The task of the "Hourly Tips" exercise is to identify, for each hour, the driver earning the most tips. It's easiest to approach this in two steps: first use hour-long windows that compute the total tips for each driver during the hour, and then from that stream of window results, find the driver with the maximum tip total for each hour.
Please note that the program should operate in event time.
The input data of this exercise is a stream of TaxiFare
events generated by the Taxi Fare Stream Generator.
The TaxiFareGenerator
annotates the generated DataStream<TaxiFare>
with timestamps and watermarks. Hence, there is no need to provide a custom timestamp and watermark assigner in order to correctly use event time.
The result of this exercise is a data stream of Tuple3<Long, Long, Float>
records, one for each hour. Each hourly record should contain the timestamp at the end of the hour, the driverId of the driver earning the most in tips during that hour, and the actual total of their tips.
The resulting stream should be printed to standard out.

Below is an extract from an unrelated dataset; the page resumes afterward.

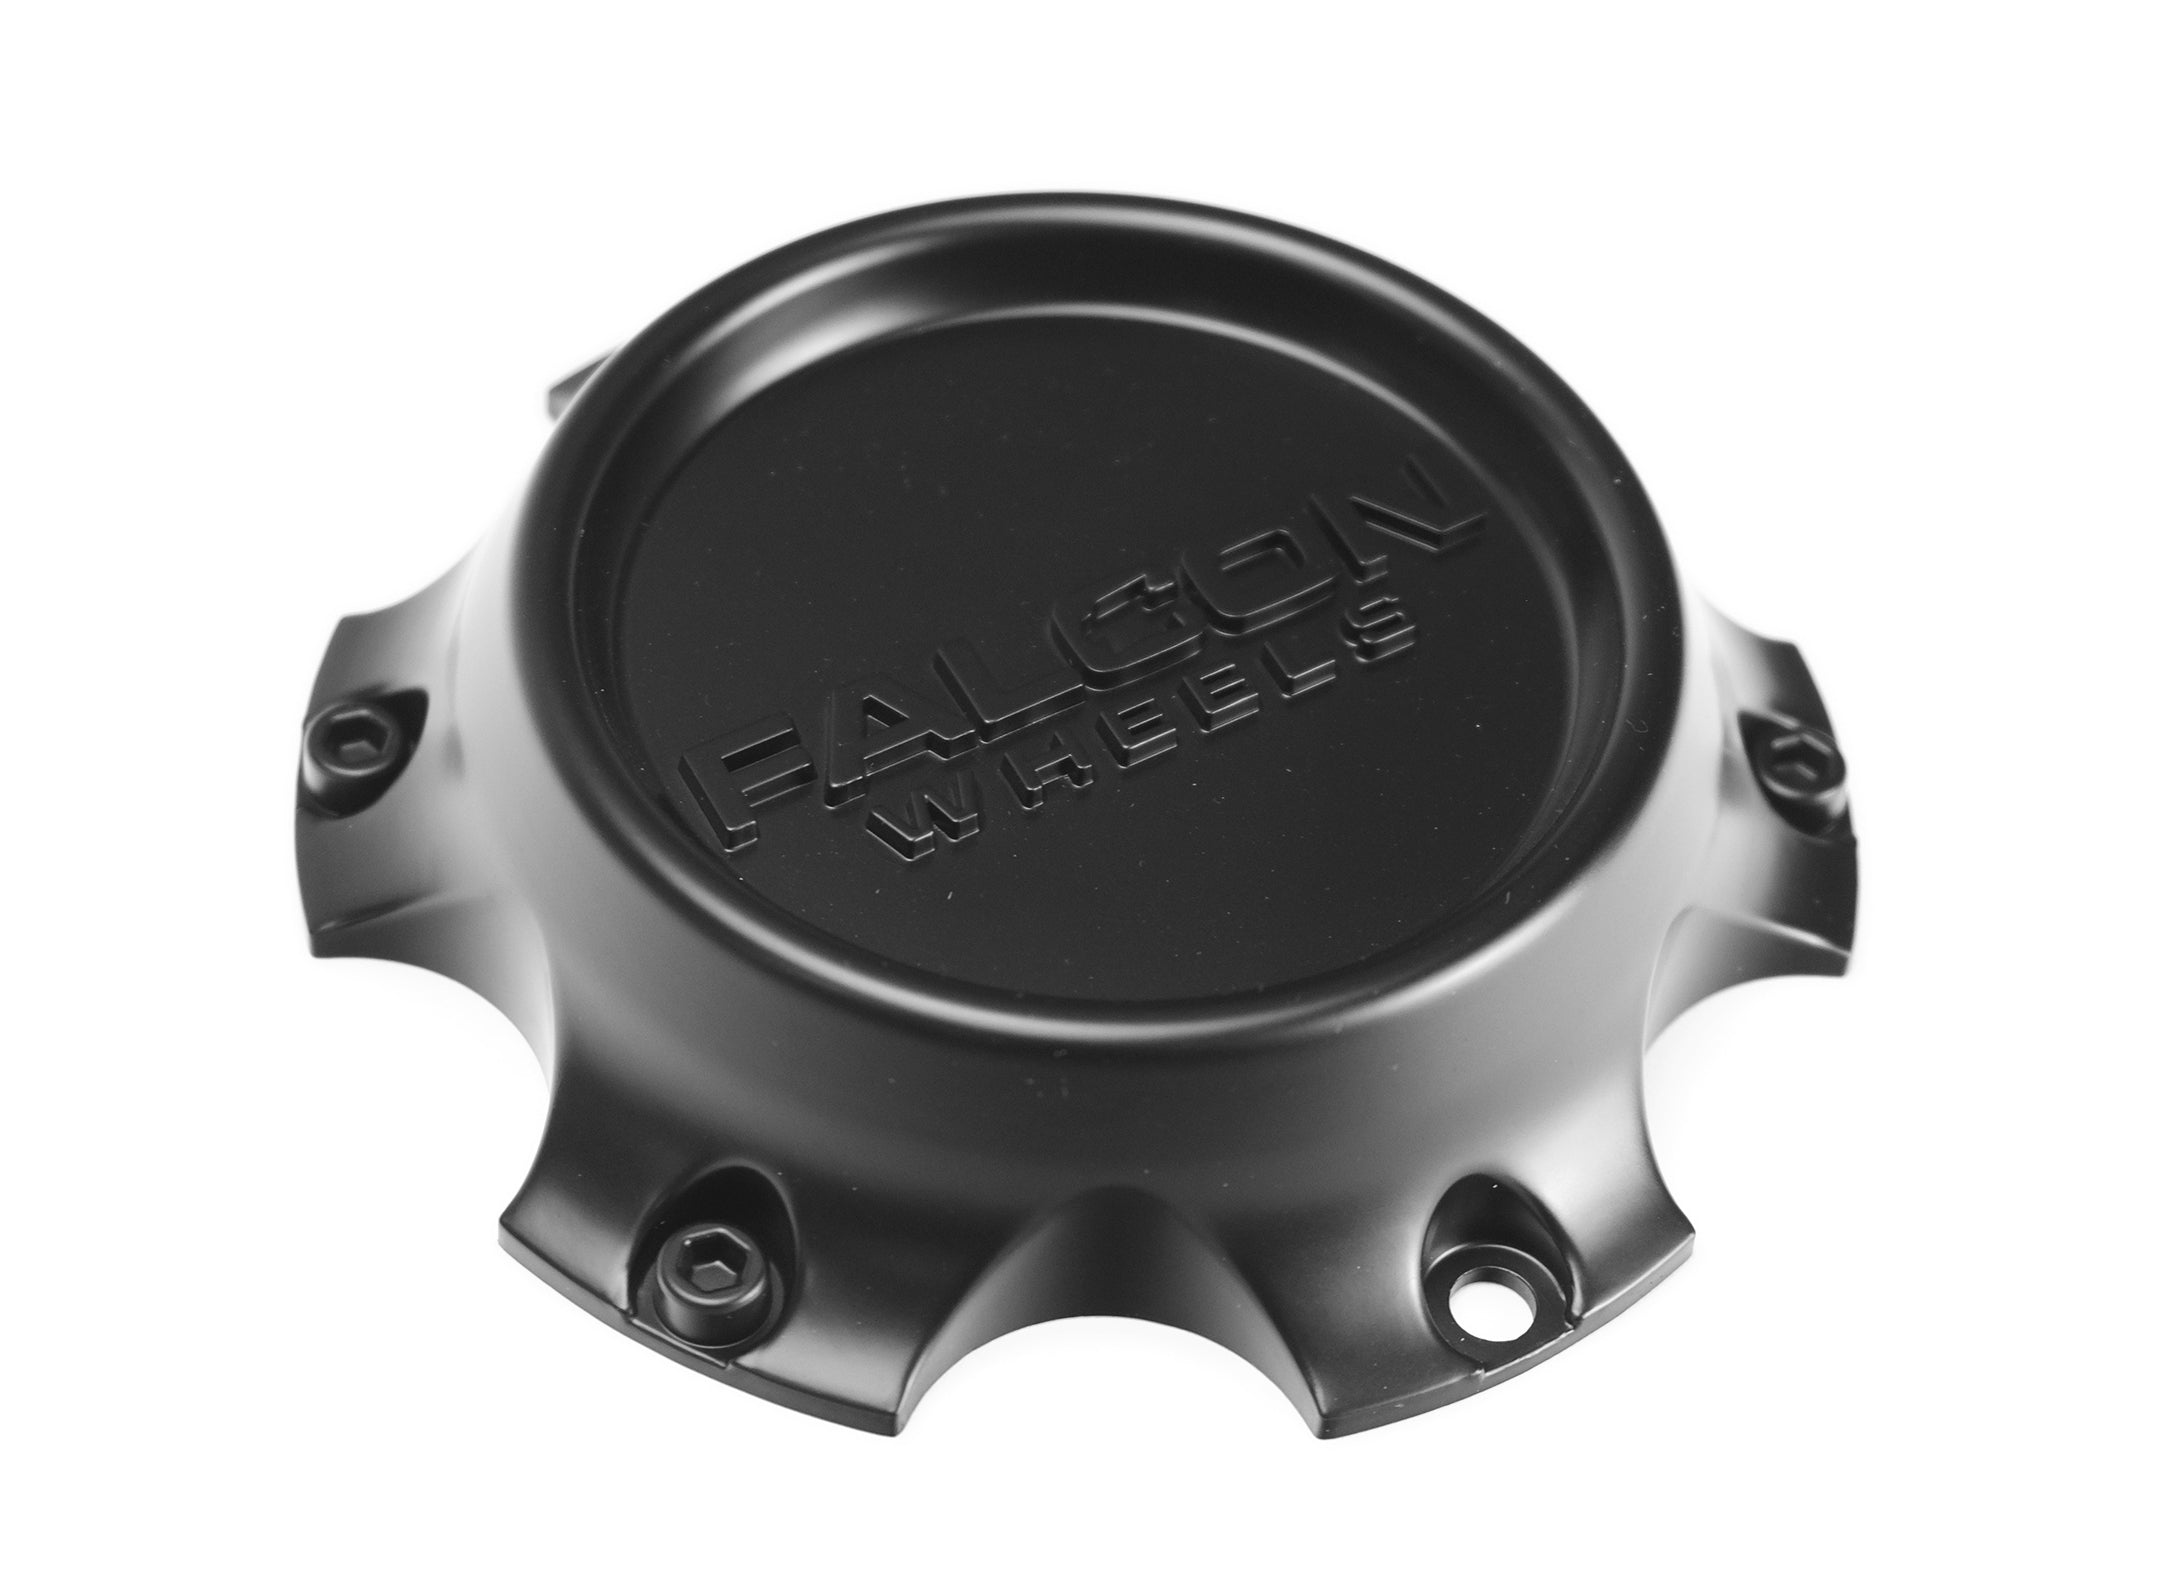 Falcon T-series Center Cap Version 2 Slim - Premium  from Falcon Off-Road Wheels - Just $28.00! Shop now at Falcon Off-Road Wheels

ℹ️ Rather than following these links to the sources, you might prefer to open these classes in your IDE.
- Exercise:
org.apache.flink.training.exercises.hourlytips.HourlyTipsTableExercise
- Tests:
org.apache.flink.training.exercises.hourlytips.HourlyTipsTableTest
- Java:
org.apache.flink.training.exercises.hourlytips.HourlyTipsExercise
- Scala:
org.apache.flink.training.exercises.hourlytips.scala.HourlyTipsExercise
- Java:
org.apache.flink.training.exercises.hourlytips.HourlyTipsTest
- Scala:
org.apache.flink.training.exercises.hourlytips.scala.HourlyTipsTest
Program Structure
Note that it is possible to cascade one set of time windows after another, so long as the timeframes are compatible (the second set of windows needs to have a duration that is a multiple of the first set). So you can have a initial set of hour-long windows that is keyed by the driverId
and use this to create a stream of (endOfHourTimestamp, driverId, totalTips)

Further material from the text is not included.